Wherein, the mark on the left side of each neural network structural layer graph represents the size of an output characteristic diagram of the network structure: the feature map width x the feature map height x the number of feature map channels.
Detailed Description
To further illustrate the features of the present invention, refer to the following detailed description of the invention and the accompanying drawings. The drawings are for reference and illustration purposes only and are not intended to limit the scope of the present disclosure.

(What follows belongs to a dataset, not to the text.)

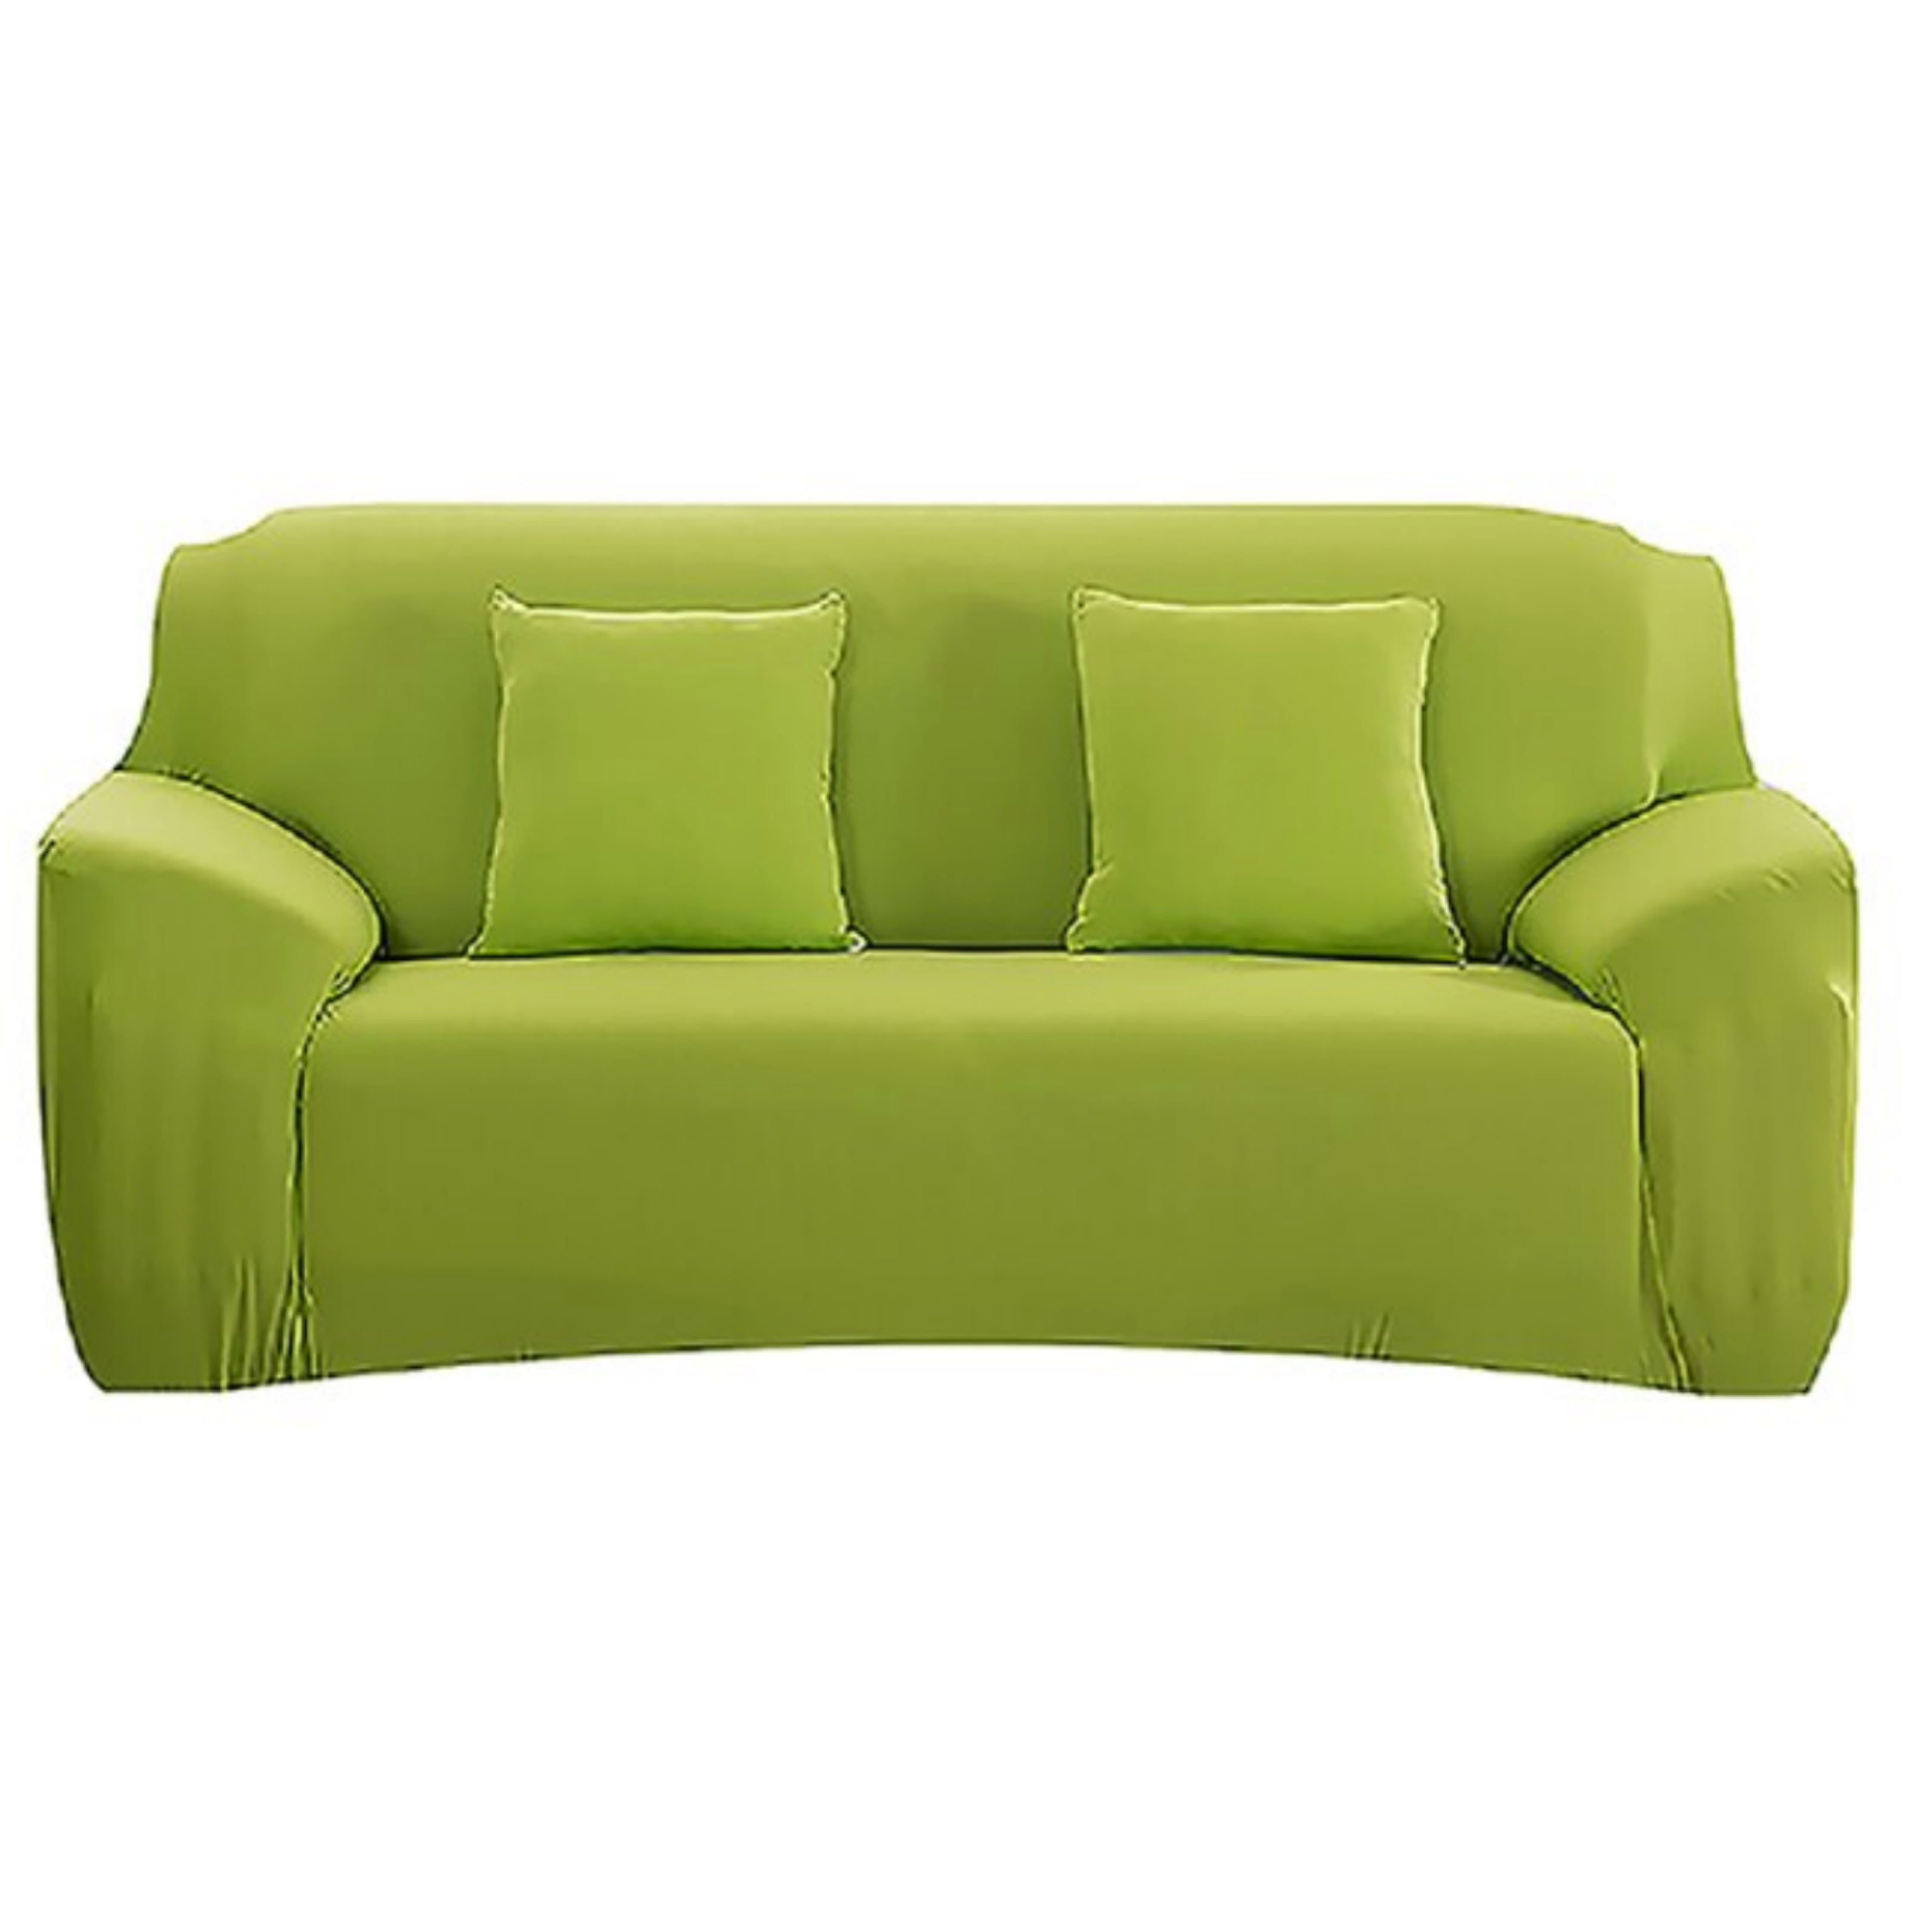 Sofa Cover ™ Elastic Sofa Cover
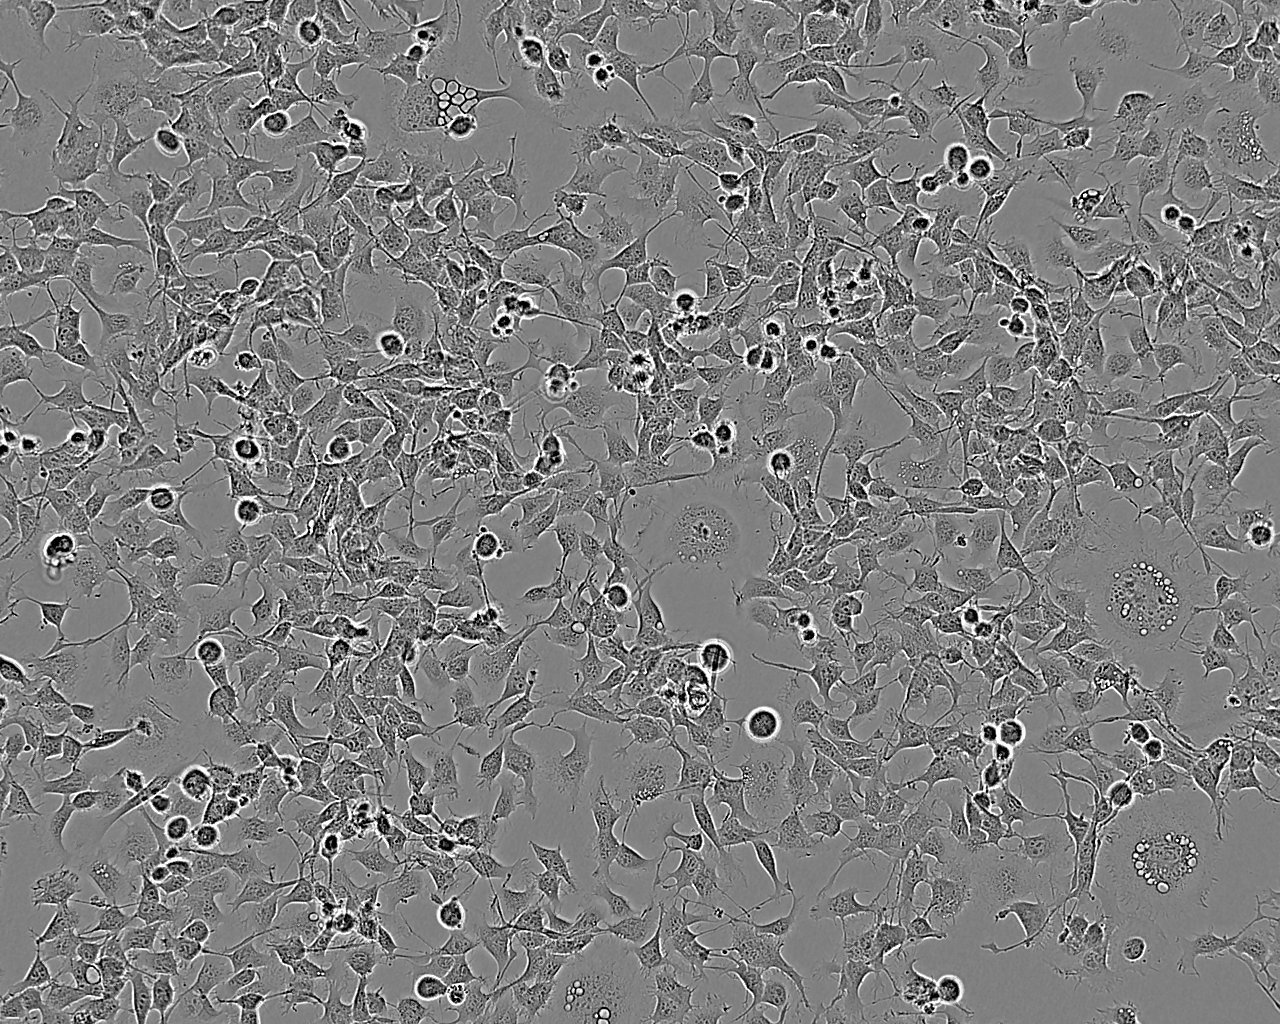 WM239A Cell:人黑色素瘤细胞系

The embodiment is suitable for all multi-target tracking scenes, and for convenience of description, the multi-target tracking method takes the multi-target tracking of pedestrians as an example for description. The embodiment discloses a target tracking method based on a depth optical flow, which comprises the following steps:
s1, designing a deep neural network model:
the deep neural network model designed by the invention has the main function of directly completing the detection and tracking of the pedestrian target in each frame of image by means of the deep neural network model with a fusion mechanism, and the whole pedestrian tracking system has higher operation speed, fewer error sources and more robust tracking effect because the steps of pedestrian detection and positioning, pedestrian correlation matching and the like are not distinguished intentionally. The present invention uses a Convolutional Neural Network (CNN), which defines some terms for convenience of describing the present invention: feature resolution refers to feature height x feature width, feature size refers to feature width x feature height x number of feature channels, kernel size refers to kernel width x kernel height, and span refers to width span x height span, and each convolutional layer is followed by a bulk normalization layer and a nonlinear activation layer.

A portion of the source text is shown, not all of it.